Second, as the Chinese become wealthier, they are more discerning about quality. As one leading American agricultural research institute put it last year, strong economic gains have left millions of Chinese consumers clamouring to improve their diets. In most cases, that means more protein and less rice. A point confirmed in US trade magazine Agexporter, which noted last year that demand for high-quality foods had increased dramatically. Organic or "green" produce is gaining in popularity, as are Western foods, spurring demand for Western vegetables.
Finally, while Chinese agricultural practices have been, and still are in many parts, reliant on pesticides and chemicals to a degree that will ensure their produce fails to meet Australia's stringent quarantine requirements, sustainable agriculture is emerging in China. Throughout China, there are now a number of projects designed to ensure a cleaner and more consistent production of vegetables. This is partly as a result of China's accession to the World Trade Organisation and because consumer demand in China for vegetables is becoming more discerning.

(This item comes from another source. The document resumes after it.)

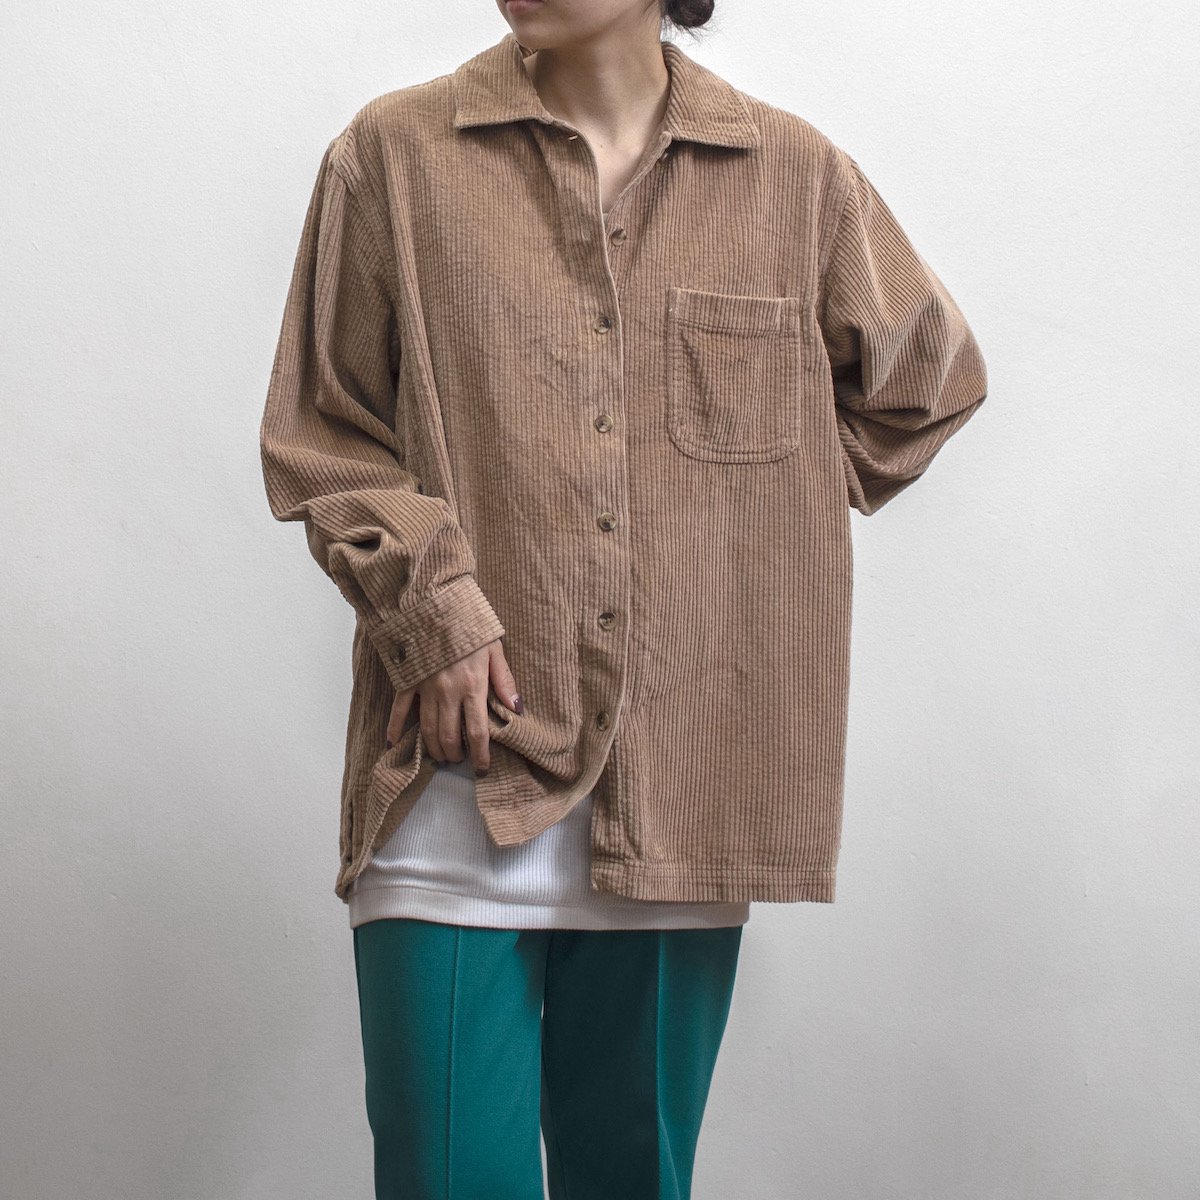 90s LLBean コーデュロイシャツ ジャケット 女子 vintage

There's also more than a dose of raw hypocrisy in the Fair Dinkum Food campaigns sloganeering about the need to preserve the farming way of life. When Japanese or European politicians argue the case for protection of their domestic farming industry on this basis, Australian farmers are understandably outraged. In fact, it's been the preparedness of Australian farmers and governments over the past two decades to advocate open markets that has helped to slowly reduce agricultural trade barriers around the world. To adopt protectionist rhetoric and actions now will weaken Australia's moral superiority in international trade forums.
While the Fair Dinkum Food Campaign is undoubtedly designed to tug at the heart strings of Australians, the cold reality is that Tasmania's farmers and government are asking Australians to pay more for vegetables, instead of becoming more efficient and developing new markets. There's nothing fair dinkum about that.